Marketing tools based on NLG (Natural Language Generator) are pushing the boundaries of what’s possible in the field of content creation. The goal of modern marketing is to provide recipients with personalized, useful content for their specific needs. NLG algorithms are in turn an engine for the automation of marketing processes, streamlining work on repetitive tasks. Here’s how they’re changing the way we communicate with consumers.

First - Content

Content is a key element of communication with customers online and the basis for building marketing automation. Well-prepared content will not only improve customer relations and help in the construction of brand identification, but will also step in when technology fails.

Annoyed when an error page pops up? A clever text might take the edge off for customers.
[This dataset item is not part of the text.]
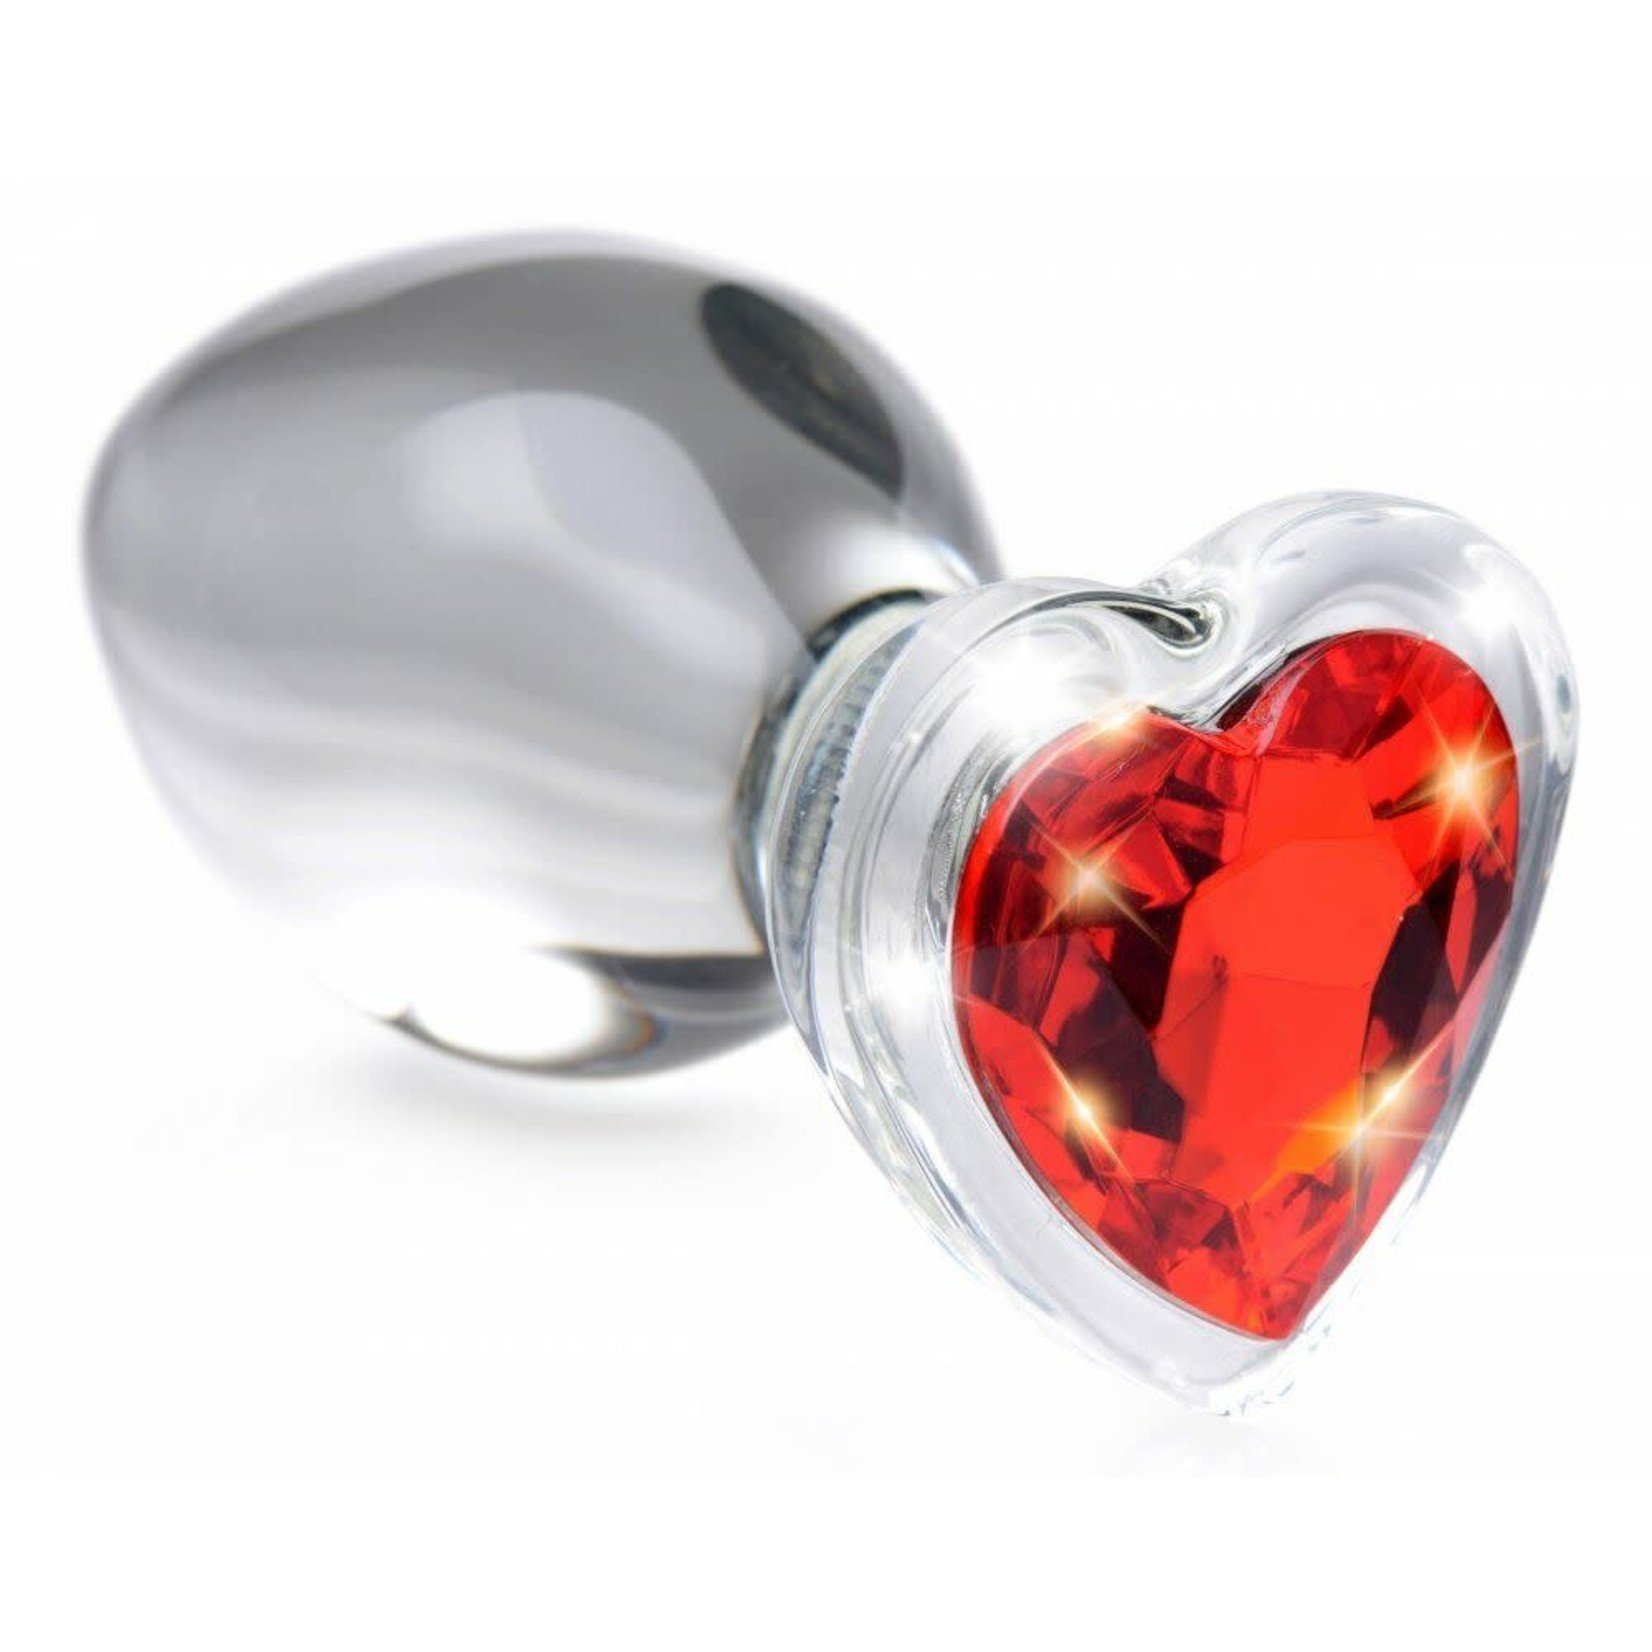 XR BRANDS BOOTY SPARKS - RED HEART GEM GLASS ANAL PLUG - LARGE

Using the NLG network in this case will help you create different page views of the error page, depending on which stage the client is in.

Eror 404 page example

Also, thanks to systems for marketing automation based on artificial intelligence, we can learn more quickly what combination of content will best suit a specific segment of customers and automatically display the right content for them.
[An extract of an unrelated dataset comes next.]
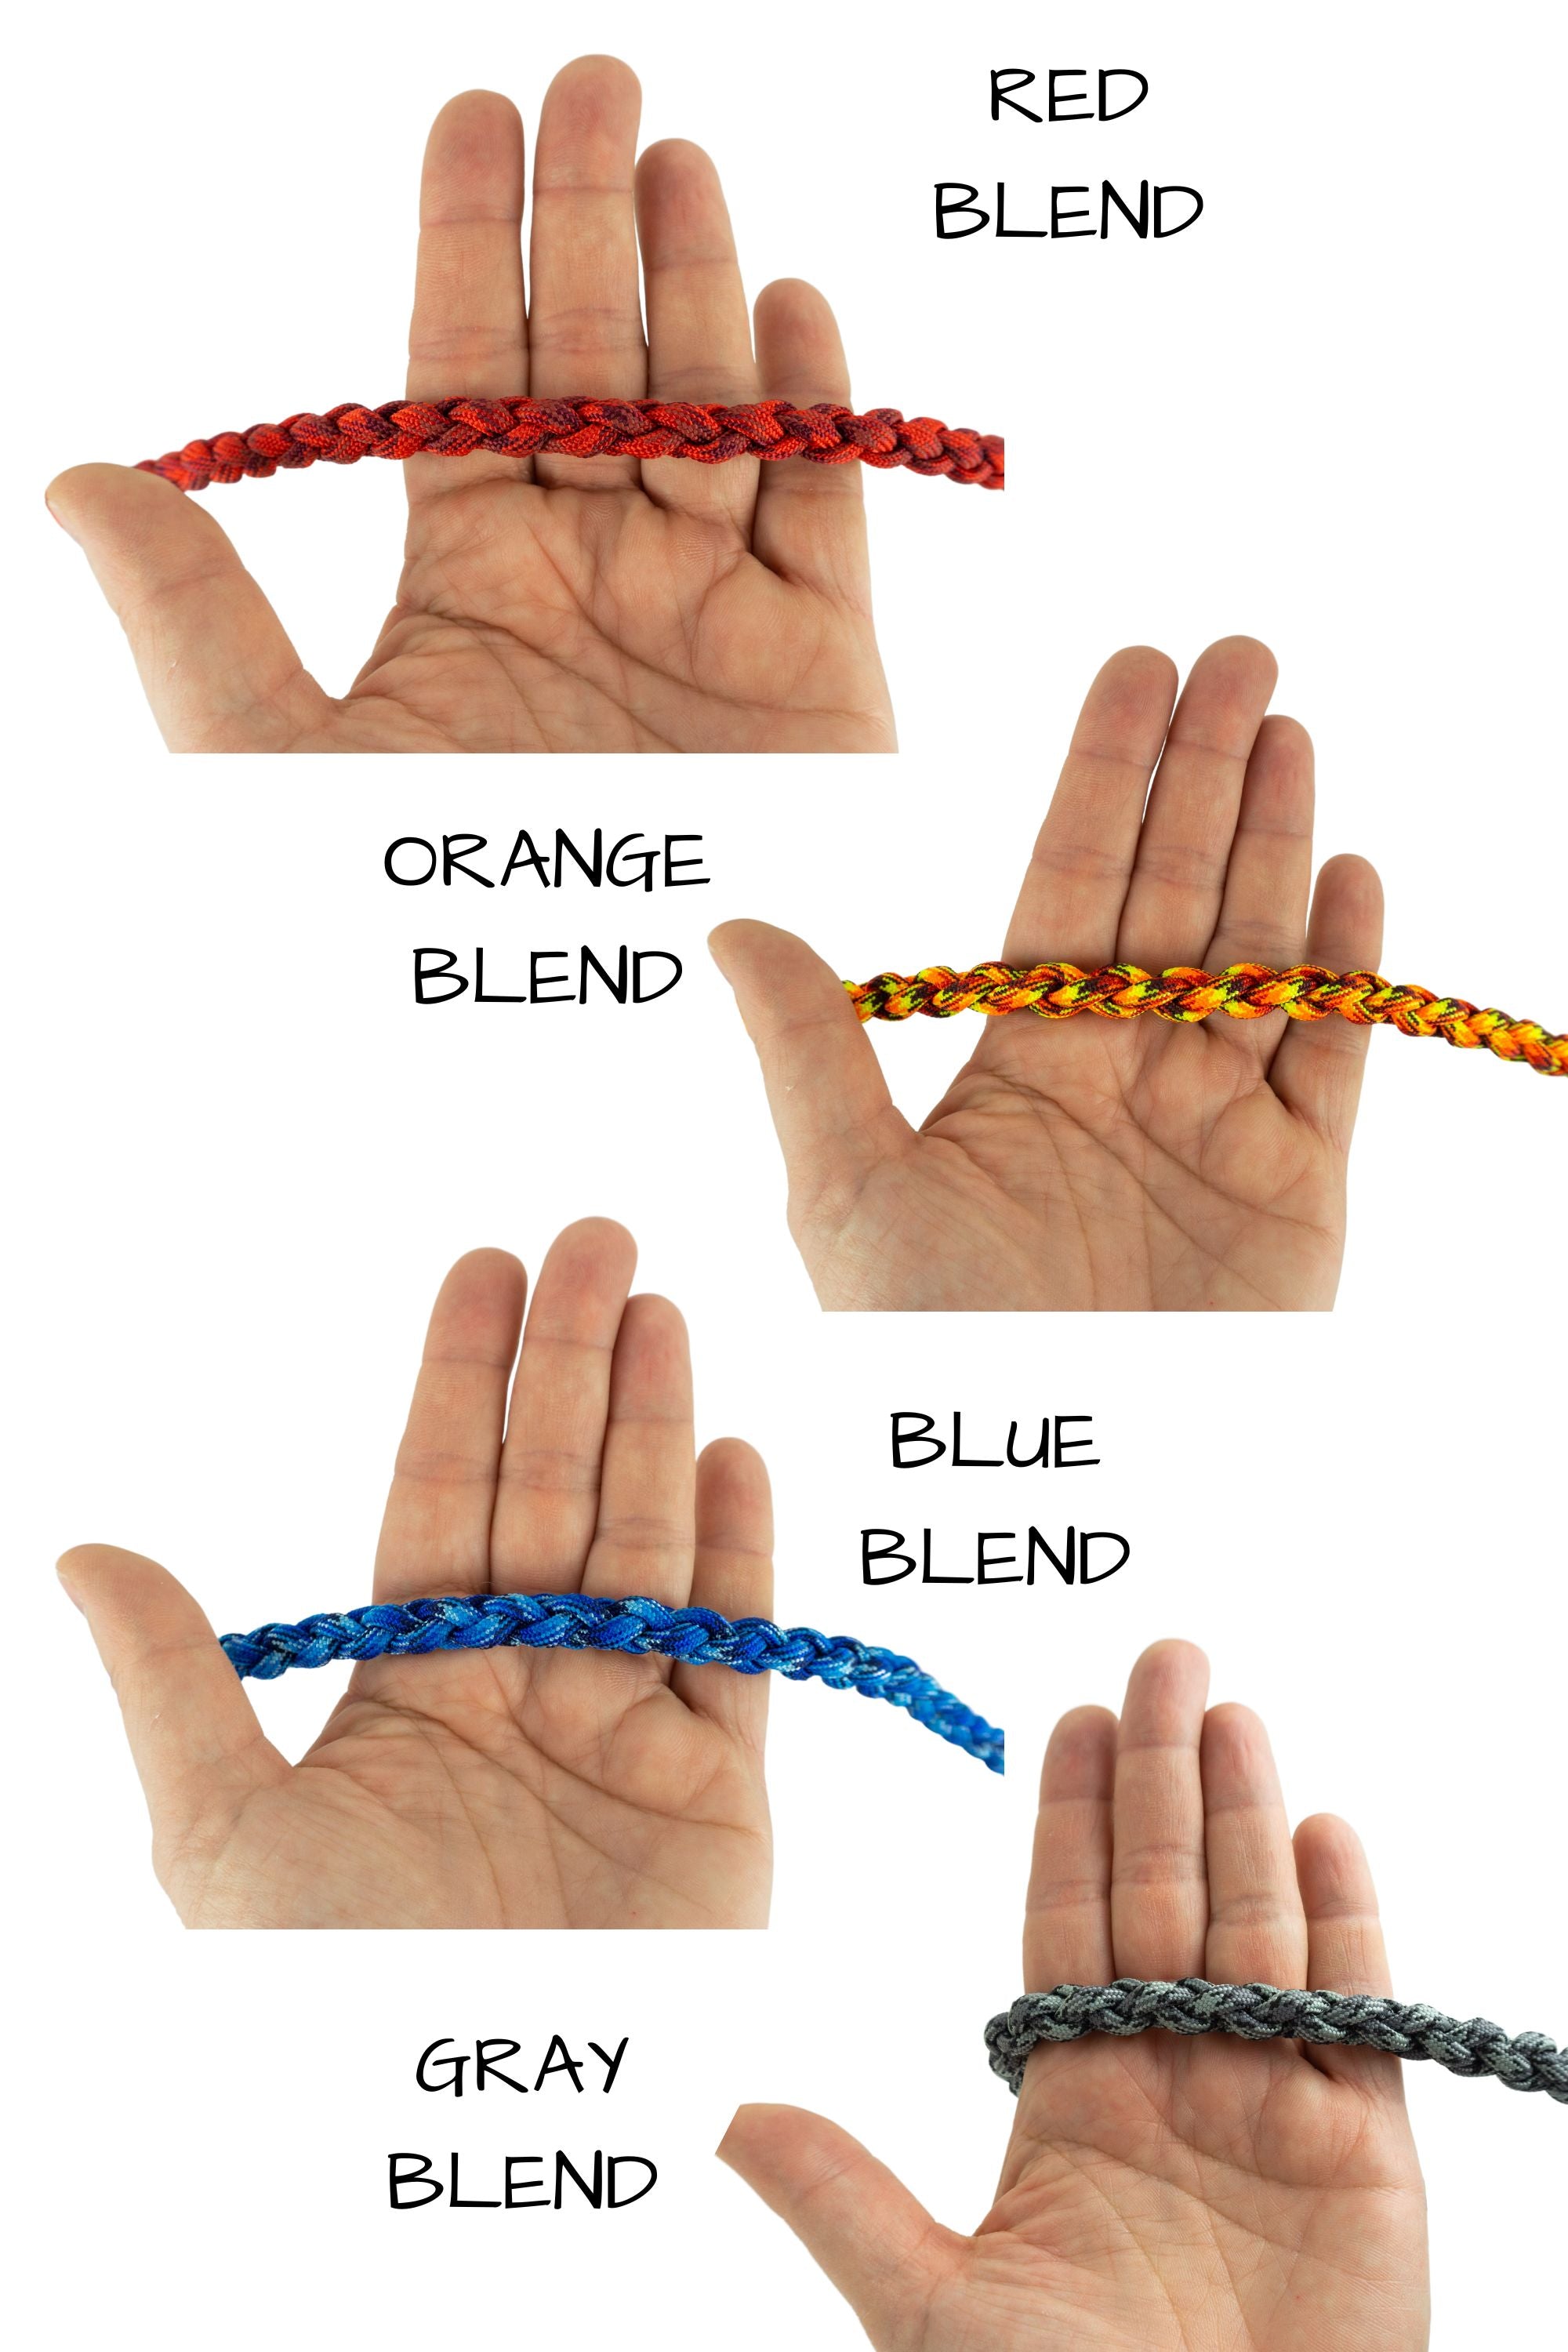 color samples of paracord braid shown for scale in the palm of a hand. Colors shown here are red blend, orange blend, blue blend, or gray blend

However, the greatest support for marketing automation is the use of Natural Language Generation (NLG), which helps in generating reusable content based on a structured data set. This means that with the right data, NLG can automatically convert numbers from a spreadsheet into a data-driven narrative.

Second - Time

Content

Despite the many advantages of using natural language, such as automatically generating editorial texts, personalizing unique content for customers so that they feel like an individual, serious challenges remain. The main one is the investment of time and money in the NLG implementation process in the company.

All data must be identified and cataloged so that the algorithms interpret it correctly. Therefore, before starting activities, you have to ask yourself three questions:

  1. Does your text focus around similar subjects and types of messages? – press releases, product descriptions, coupon text, etc.
  2. What format is your data in? It needs to be unified in a single format, preferably CSV
  3. Do you have the necessary financial and talent resources to prepare and support the implementation of NLG in your business?

And most importantly, artificial intelligence must work together with intelligent and creative people, since only such cooperation will bring good results. Companies will continue to improve texts and tailor them to their needs. Because, as Paul Roetzer, the founder of the Marketing Artificial Intelligence Institute, says, you need a human to use NLG systems:

Natural language generation (NLG) has very narrow applications in marketing today, and, in most cases, it’s enhancing what marketers are able to do, not replacing them.

Third - Custom Made Solutions

If you already know that NLG is for you, it’s time to plan the process of implementing the alogirthm in your business. Start by analyzing how long it currently takes to create reports, descriptions, articles and any other content made by the marketing department.

This will be the starting point to optimize the creation time of NLG.

The Arria NLG Engine

Once you have chosen the right system and prepared the correct data for it, it's time to start the NLG content generation process. It goes through several stages:

  • Data Analysis – on the basis of the presented data, the process of searching for the most important key facts begins.
  • Data Interpretation – on the basis of the content analysis, the program searches for repeated patterns and draws concusions about their meaning. The interpretation of the data will be faster if focused on a single category of test data, like product descriptions from one broad category.
  • Document Orchestration – at this stage, the narrative for the content and structure of the document is analyzed and created.
  • Microplanning – time to create preliminary sentences and choose the right words and descriptions for the document.
  • Surface Realization – the last stage focuses on the accuracy of the created content in terms of grammar and punctuation and is generally consistent with standard usage.

Content that passes through all five stages should be ready to go live, but can always use a final look over. 

Popular NLG Programs

NLG programs do more than create content. They can generate financial reports, convert speech to text and vice versa and much more. The most popular and most interesting algorithms include:

  • Creative stories - Quill is a program developed by Narrative Science to write stories. Based on automatically selected data, he starts writing content in the form of a short story. Interestingly, the content is different depending on the region where the recipient is.
  • Azure Cognitive Services - Microsoft provides this service, based on artificial intelligence, which includes several solutions, such as recognizing emotions, face search in pictures, changing words to text and Custom Recognition Intelligent Service - that is, advanced recognition of speaking and vocabulary.
  • Some large companies may decide to build their own NLG engines. For example, The Washington Post created Heliograf and used it to write stories about the Olympic Games and more than 500 press releases during the 2016 election in the United States.

Summary

Marketing automation effectively manages repetitive processes like sending emails, notifications on store websites and product recommendations. The next step in facilitating work by AI is the implementation of NLG algorithms that increase the efficiency and productivity of marketers by accelerating the content creation process.

However, it is worth remembering that a good weapon is not enough—you also need a soldier. In this case, that means a good marketer. This is because a good generator will not perform miracles and create quality content if you do not receive valuable data. Regardless of the sophistication of your artificial intelligence algorithm, you still need a competent person overseeing the process.